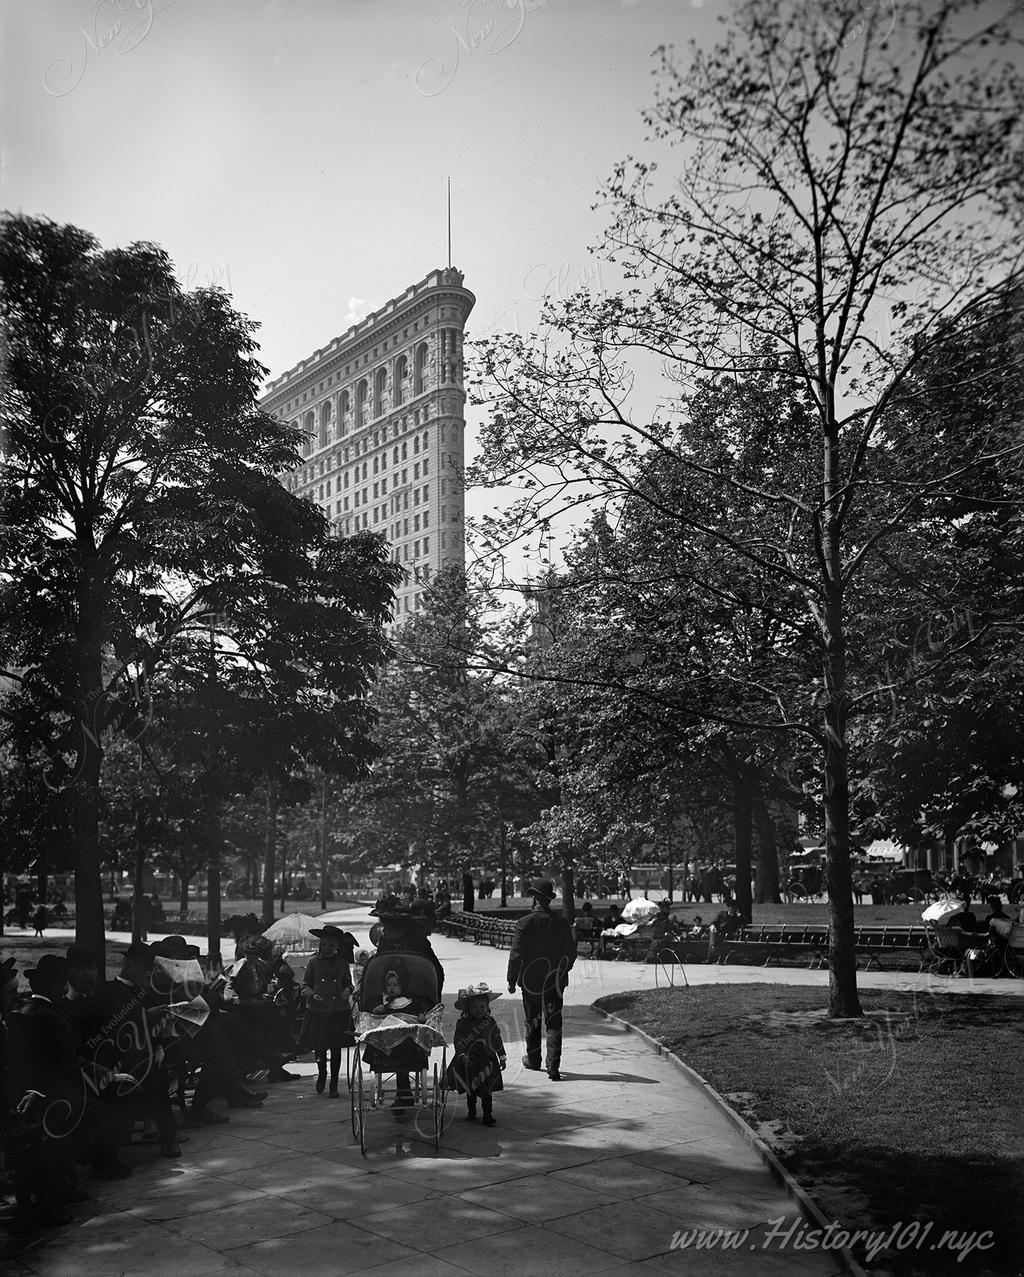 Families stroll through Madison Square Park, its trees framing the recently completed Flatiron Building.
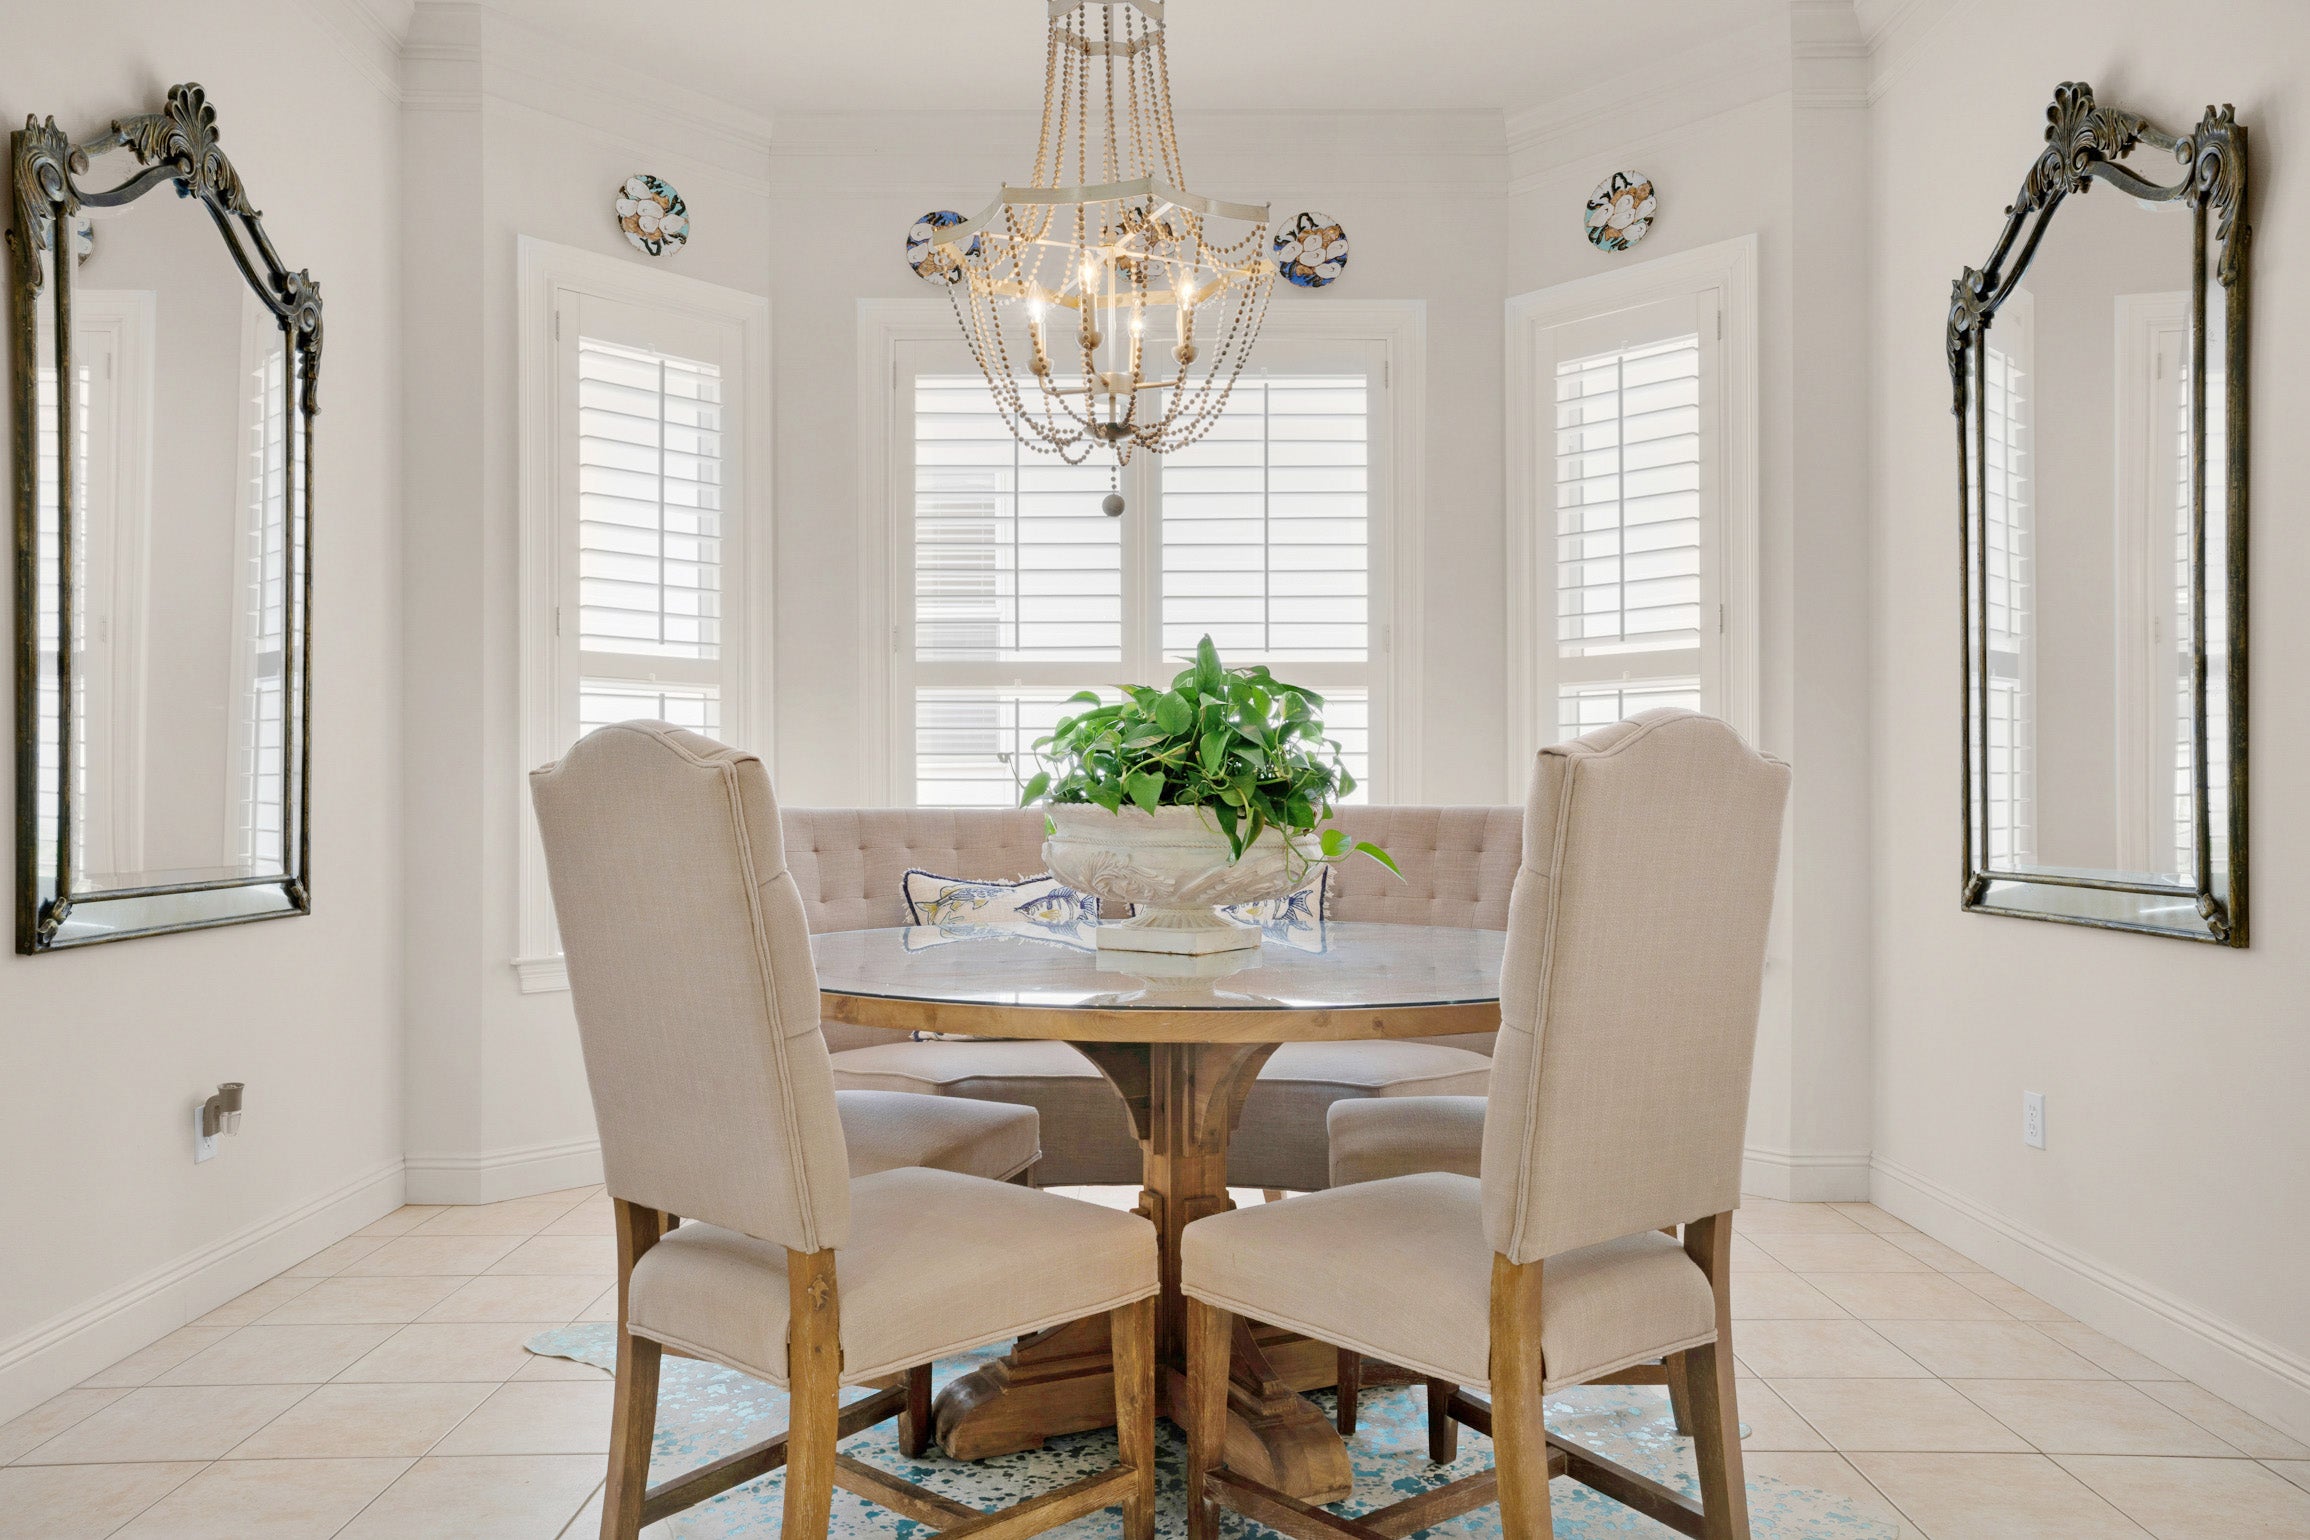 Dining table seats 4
==
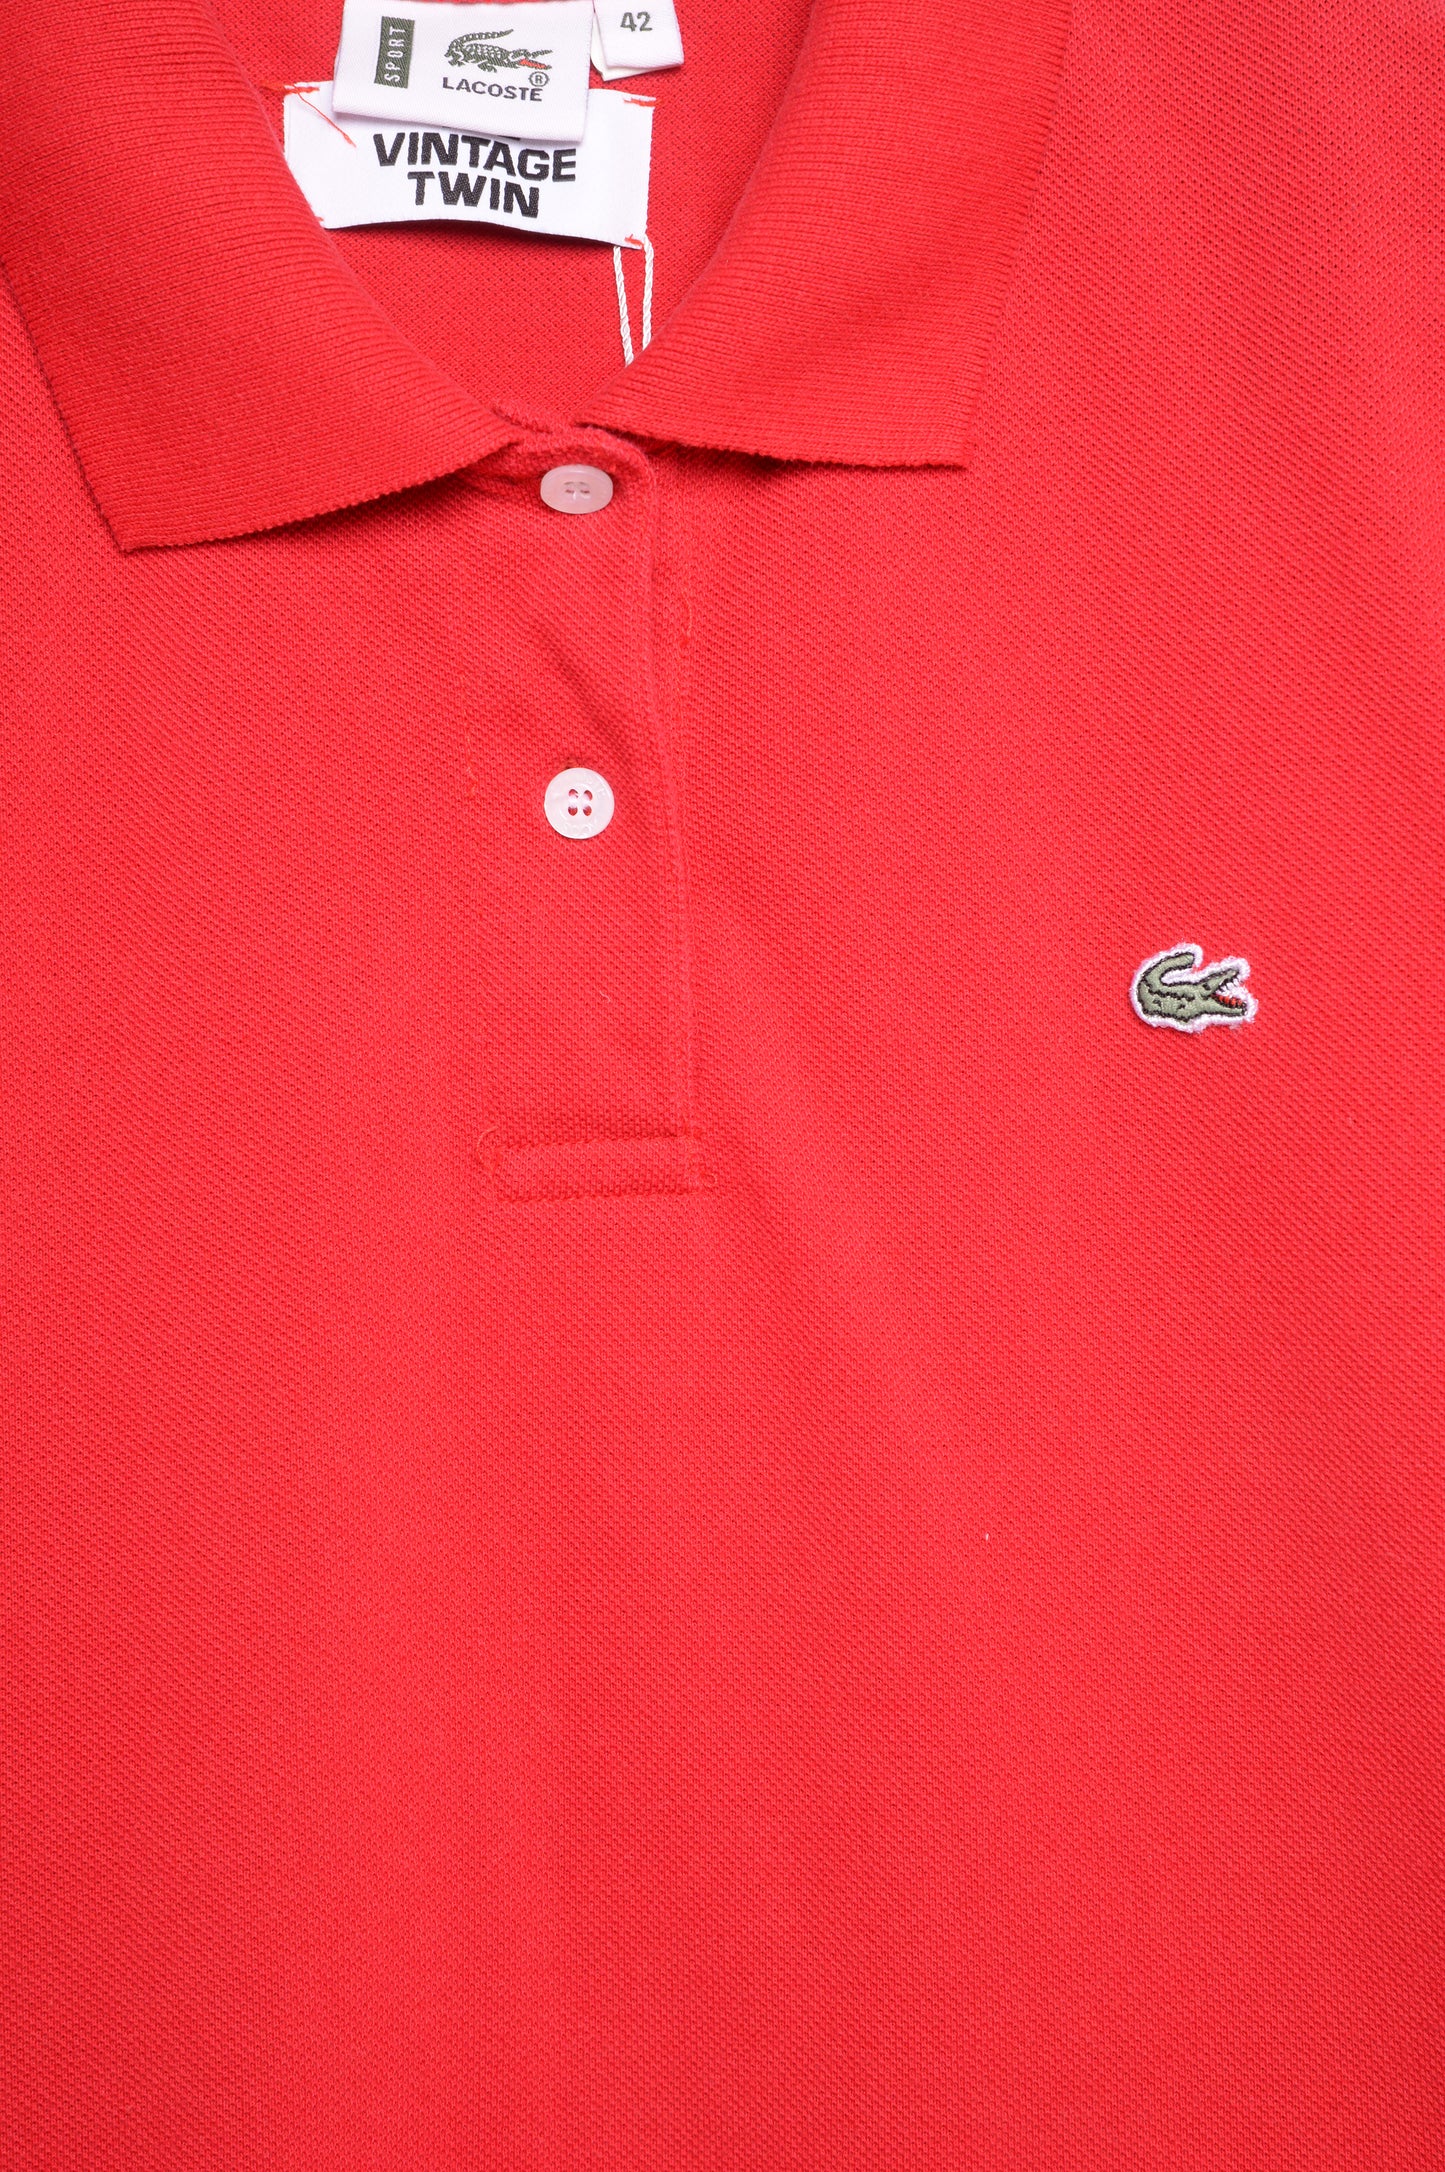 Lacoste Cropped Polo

- _About this exercise_: Start at the line above containing "Families stroll through" and stop at the line containing "Dining table seats 4": print those lines and everything between them exactly, but not the pictures.

- _Response below_:
 Families stroll through Madison Square Park, its trees framing the recently completed Flatiron Building.
 Dining table seats 4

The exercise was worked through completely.